Joe Biden and the “Transformational” Presidency, by William Anderson

Joe Biden is transformational president, and like an earlier transformation president, Franklin Roosevelt, he’s transforming the U.S. for the worse. From William Anderson at mises.org:

Much is made of the failure of Republicans to make predicted gains in the recent midterm elections, but, as Ryan McMaken has pointed out, Congress plays a much-diminished role in national governance to the point that even had the so-called red wave actually occurred, it is doubtful that much would have changed regarding Joe Biden’s presidency. In fact, most of what Biden has done in his two years in office has been outside of congressional legislative matters.

McMaken points out:

This all combines to mean we should expect very little change on policies at the federal level. For example, we can expect to keep hearing plenty about the evil of fossil fuels. The administration will continue to press for less drilling for oil and gas, and the war on coal will continue. The administration will continue to issue new edicts for “fighting global warming.”

As McMaken notes, Biden has used executive orders liberally, sometimes using a twisted interpretation of federal law, and then unleashing his regulatory and law enforcement agencies to get his desired results. For example, federal banking regulators and the Securities and Exchange Commission have pressured banks and other lenders not to led to the oil and gas industry, citing the fealty to fighting climate change as the reason.

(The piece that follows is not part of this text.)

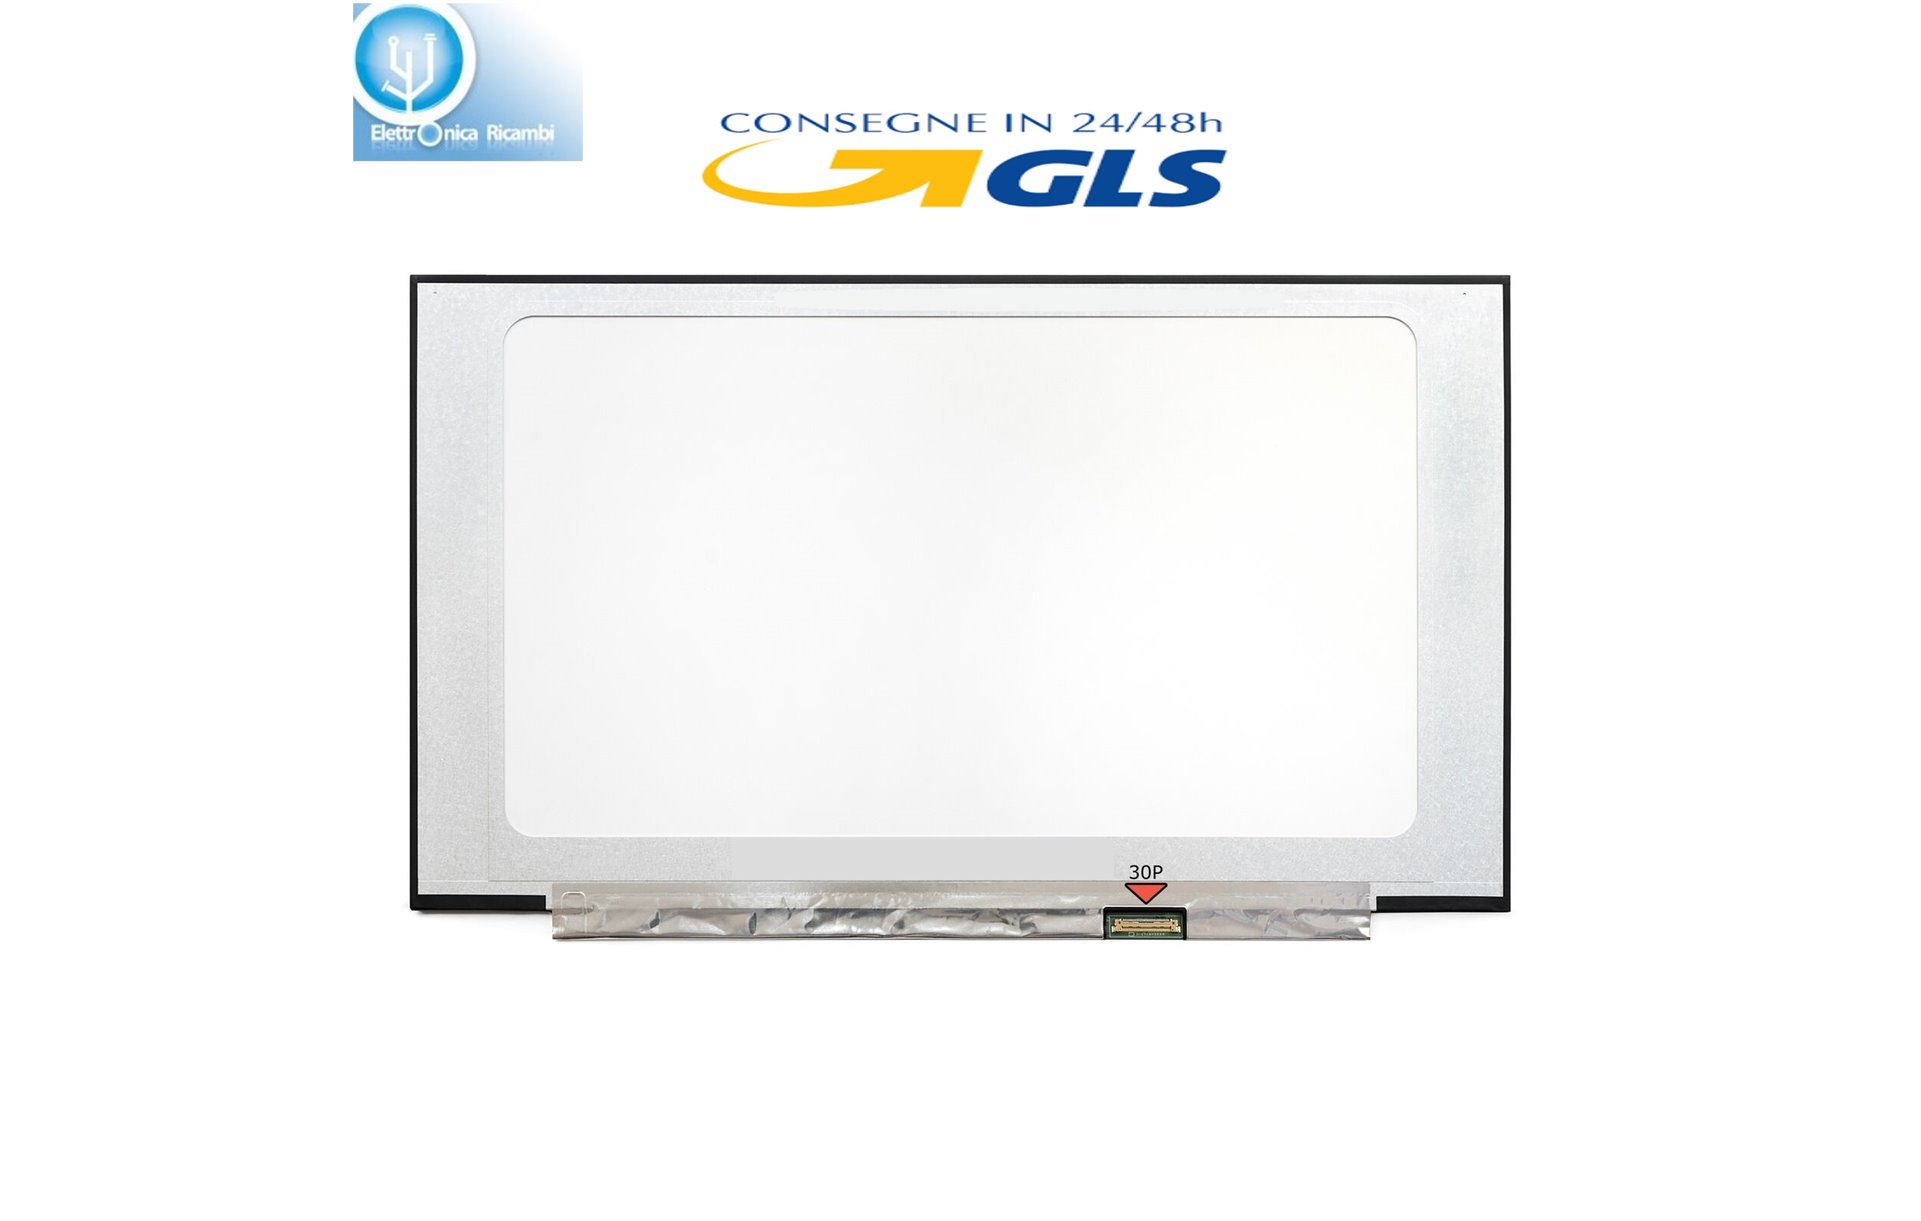 DISPLAY LCD Dell LATITUDE P95F001 SERIES 15.6 WideScreen (13.6"x7.6")  LED 30 pin IPS
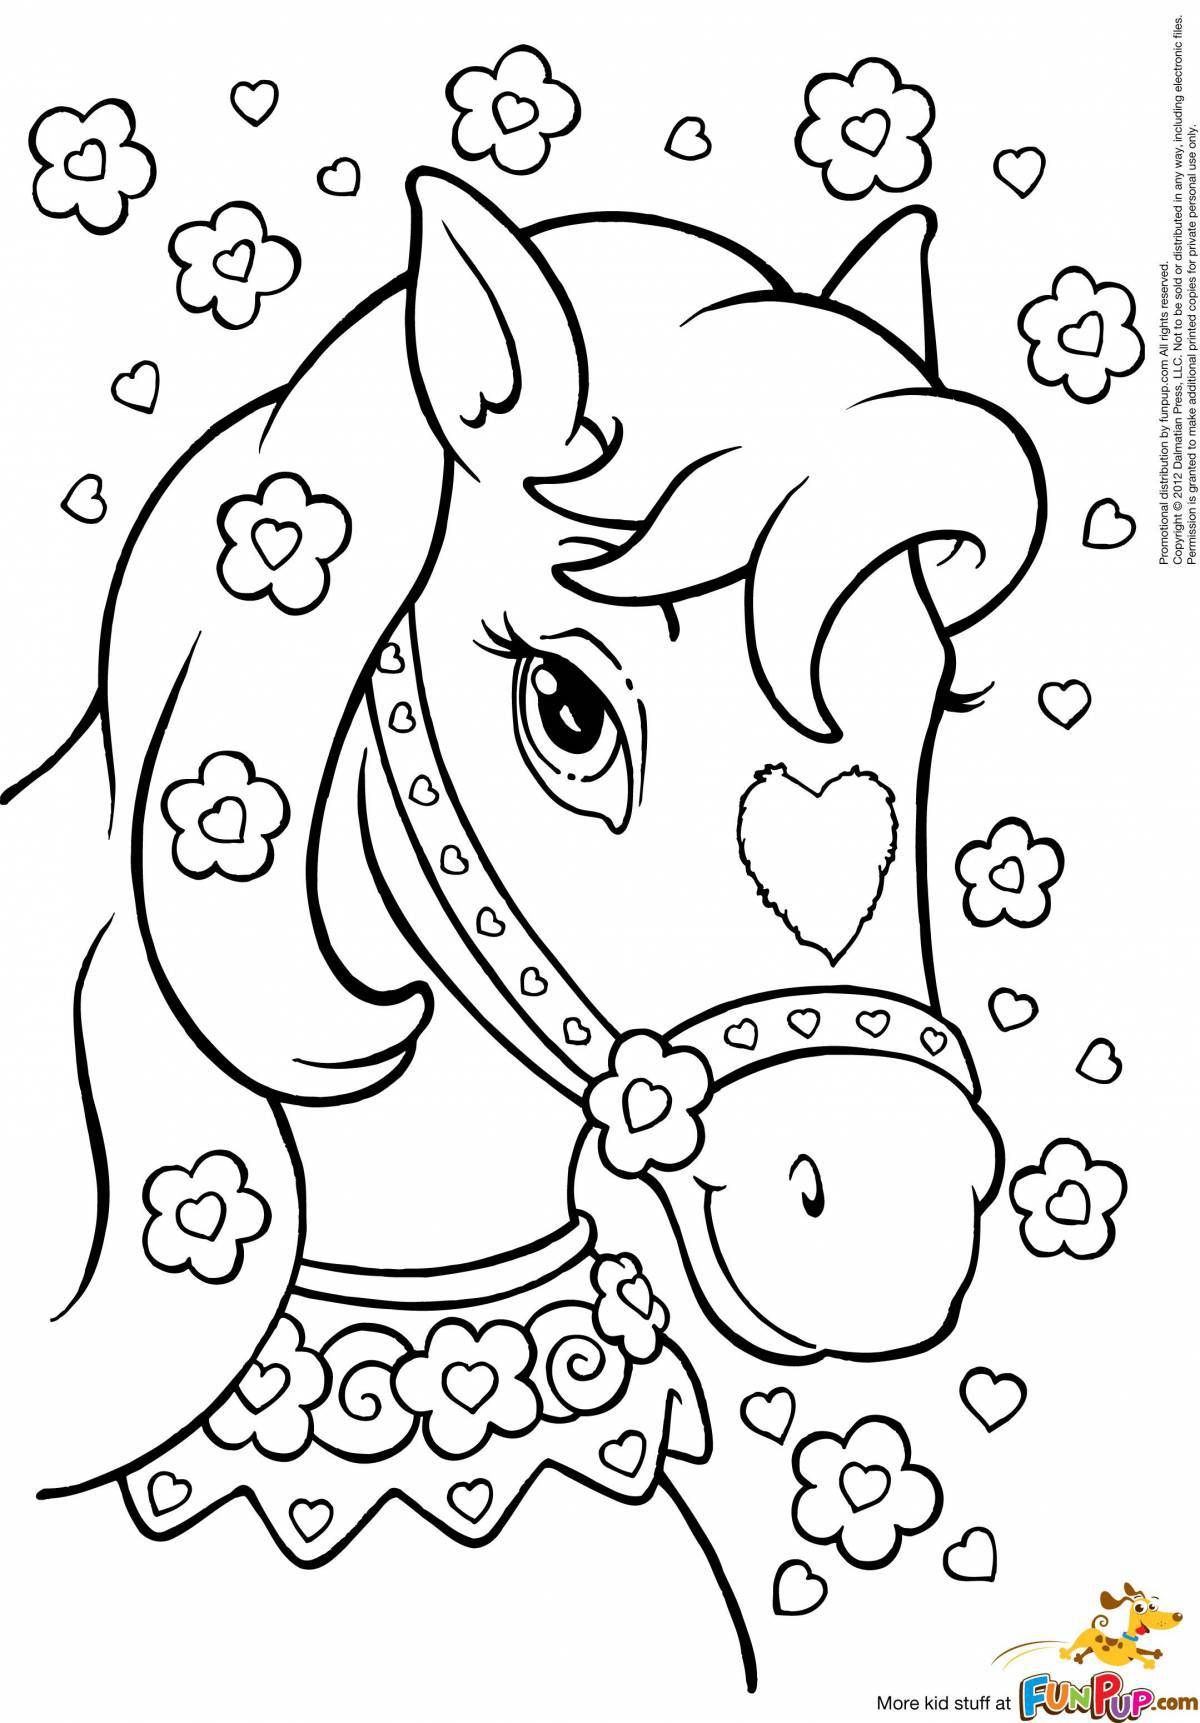 Coloring pages for girls 7-8 years old

Note that the administration is doing this not via congressional authorization, but rather through its own self-serving “interpretation” of existing federal law. Likewise, Biden’s infamous student loan forgiveness order was not through such relief passed by Congress, but rather using a 2003 federal law that permits the US secretary of education to employ “expansive authority to alleviate the hardship that federal student loan recipients may suffer as a result of national emergencies.” What constitutes a “national emergency” must be in the eyes of the beholder, as any reason will do—and, so far, the courts have signed off on this vast expansion of executive power. This is reminiscent of Franklin Roosevelt’s perverse interpretation of the 1917 Trading with the Enemy Act to undergird his gold seizure from Americans and devaluate the dollar.